I don’t want to stop caring, to leave my heart guarded and aloof instead of raw and open, to close my eyes to what I see around me. As I continue to embrace my own brokenness, I trust in the words of Henri Nouwen that “the risk of loving is always worth taking.”

twenty-four.

Sometimes it’s hard to know where to begin these days when it comes to writing. My life isn’t as easy to compartmentalize since JVC is over, but I had a birthday about a month and a half ago, and here’s a few thoughts on the first few months of being twenty-four.

The thing about having a birthday so close to the beginning of a new year is that I just finished reflecting on the ending of a calendar year, so I’m usually not too inclined to do much thinking about what my birthday means.

But I’ve already made a lot of progress on my goals/resolutions for 2013: I became a Big Sister, visited Boston again, joined a bunch of fitness classes at the gym, and made a few recipes from my ever-growing list. I still need to get a library card, but that will happen soon. Anyway, that’s a to do list, not a resolution.

More broadly, some friends and I have proclaimed this year to be “No Shame 2013”

Take that for what it is, I want this year to be about loving myself, about wearing what I want, when I want to, even if it’s being overdressed, or wandering around in yet another flannel shirt. I will wear red lipstick even when it’s a little bit over the top. I will goto the gym because it’s fun and it makes me feel better about myself and I’m trying to care about my health in the most holistic way.

No shame for my choices, past, present, and future. No shame for who I am. No shame about what I do.

I want to continue this journey of focusing on figuring out what I want and doing what I love.
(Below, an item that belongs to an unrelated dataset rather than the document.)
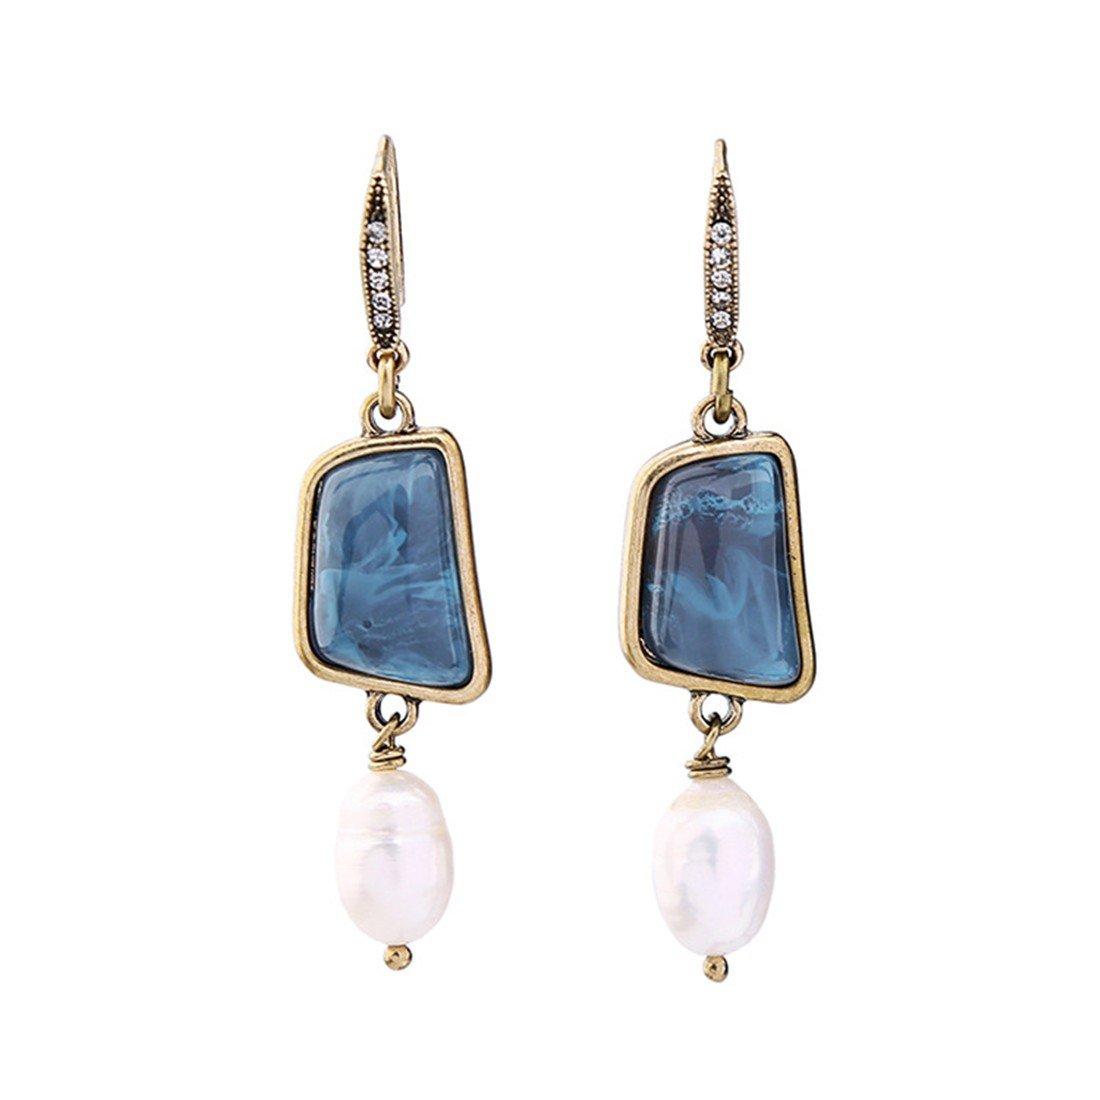 ball earrings clip on earrings ear cuffs dangle earrings earring jackets hoop earrings stud earrings Long diamond Pierced Earrings

My dad has been talking to me about knowing what I want since I was a kid, I have a letter saved that he wrote when I was 9 just on this topic. I spent most of high school and college being pretty indecisive about what I wanted. But deep down, I think I’ve always known, it’s just hard to name it and claim it sometimes.
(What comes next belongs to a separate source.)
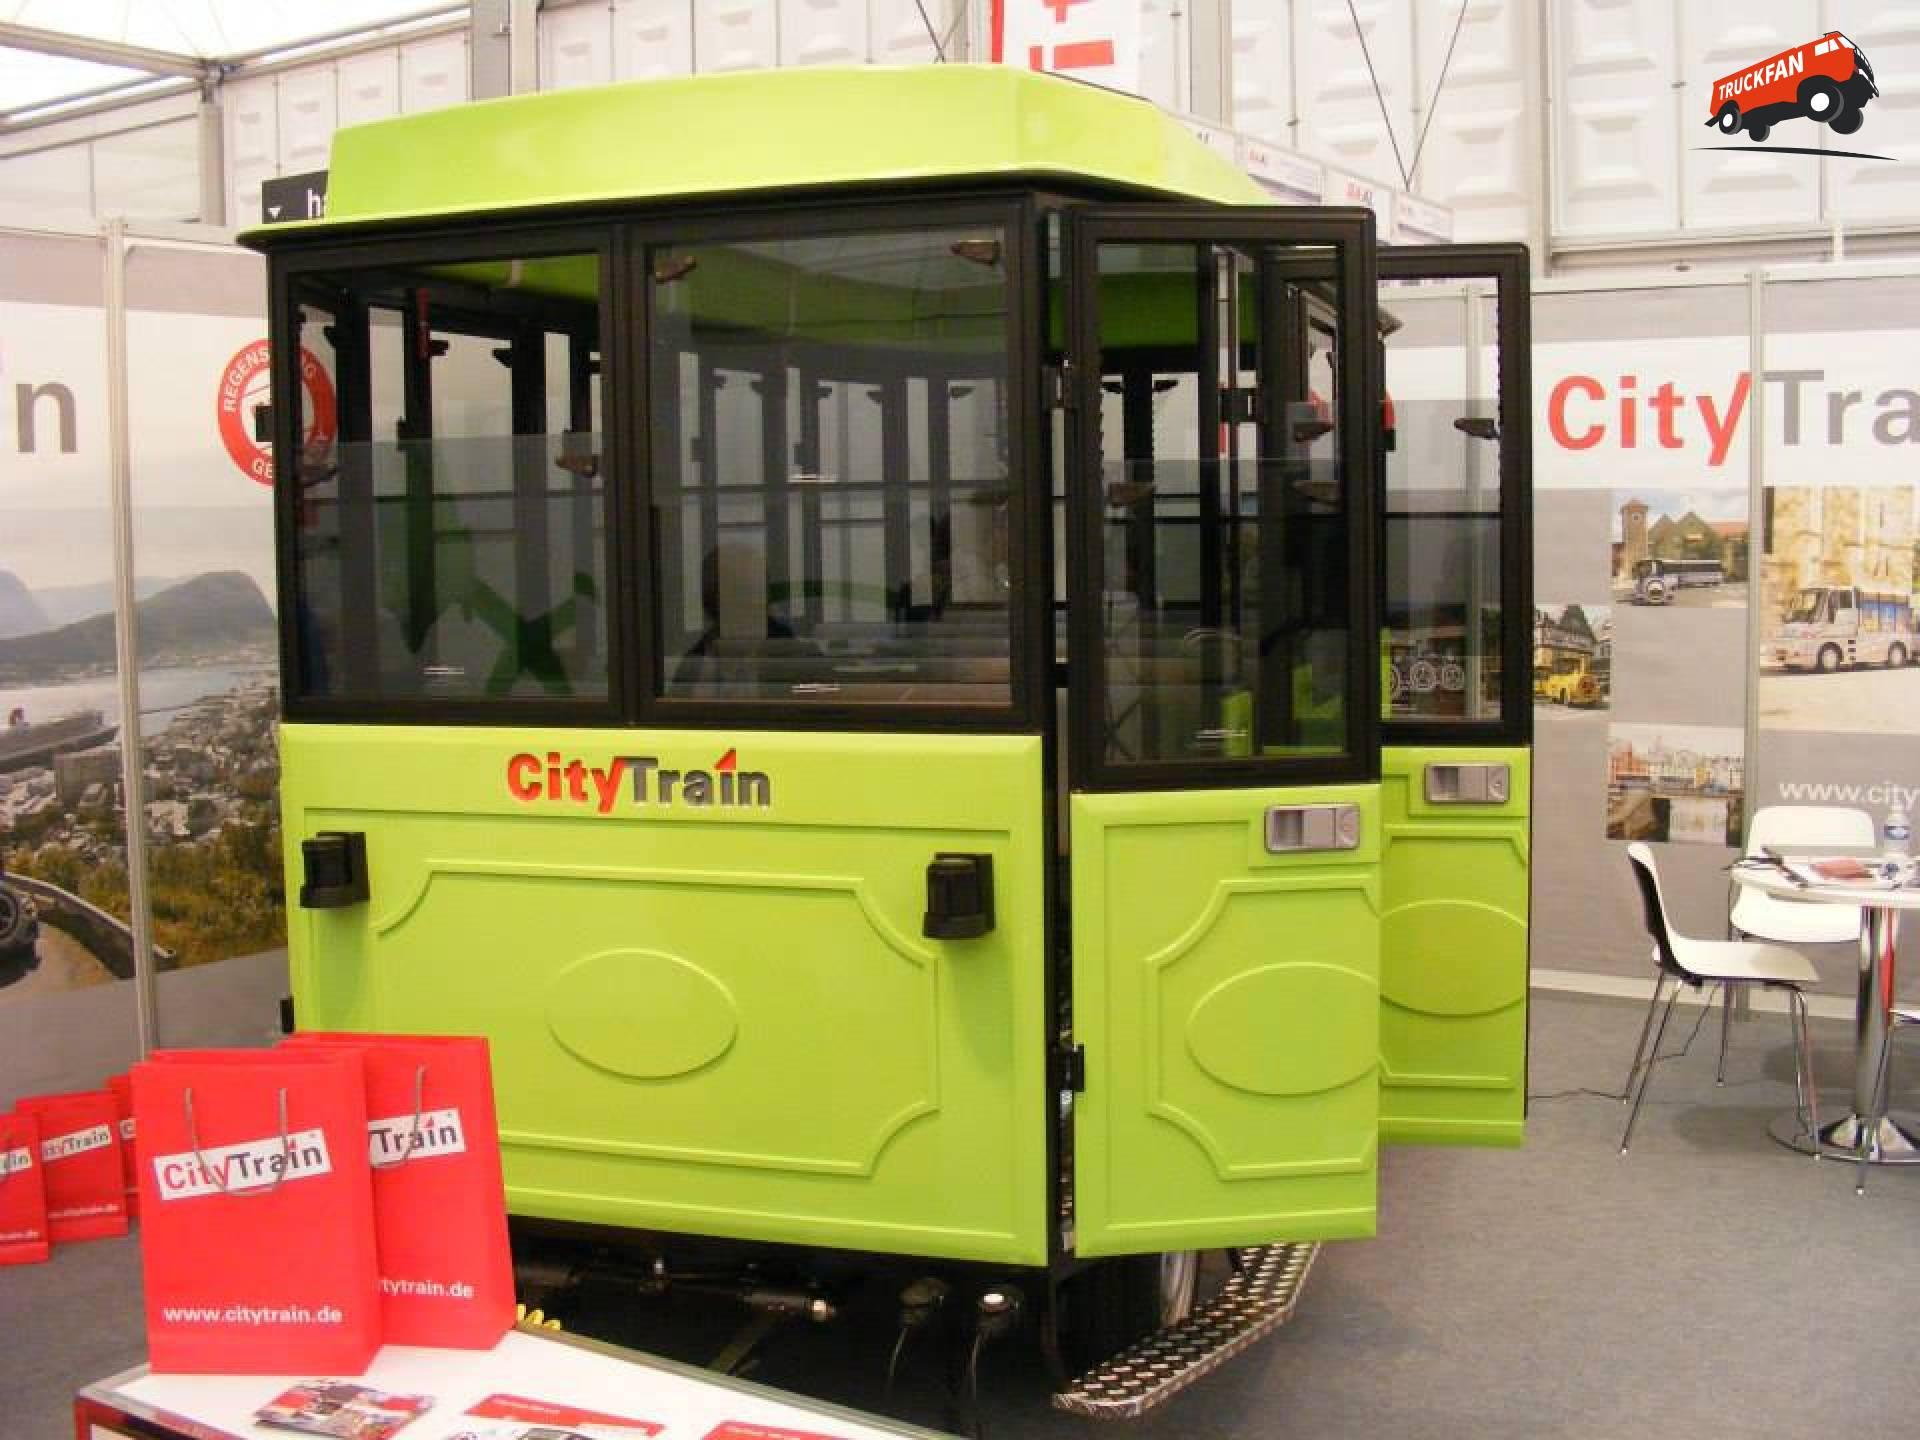 CityTrain toeristentreintje

I’ve also really started the process of discernment again. After JVC, my thought process just went something along these lines: find a job in St. Louis so I can move out of my parent’s house. I was fortunate enough to stumble upon a job working for a organization that I believe in doing work I find meaningful, that also gives me paychecks and health insurance and all of that good stuff. I managed to find an apartment and roommates in a neighborhood I love. Settling into all of that has taken some time, but I’m finally there, and now I can begin to really think about the ever present question of “what’s next?”
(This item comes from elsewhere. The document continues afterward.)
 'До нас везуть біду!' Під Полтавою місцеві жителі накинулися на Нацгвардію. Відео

Those are a lot of big questions that I’m only beginning to sort out, but here’s just a few more concrete things that have summed up these first weeks of being 24:

Tea every morning at work.
Spending too much money at Trader Joe’s.
Tights and boots and pining for spring.
Nights at zumba and yoga classes.
Working too many Saturdays and loving my job all the same.
Spending afternoons with my little sister.
Trying to strike this strange balance between college-JVC-professional life.
Painting my nails a new color every week just because I can.
A new (to me) car.
Bills and budgets and savings.
Boston and birthdays and Mardi Gras and reunions and celebrations with my favorite people.
Lots of brunching.
The longest hair I have EVER had.
Journal entries every night about where I see God in my life.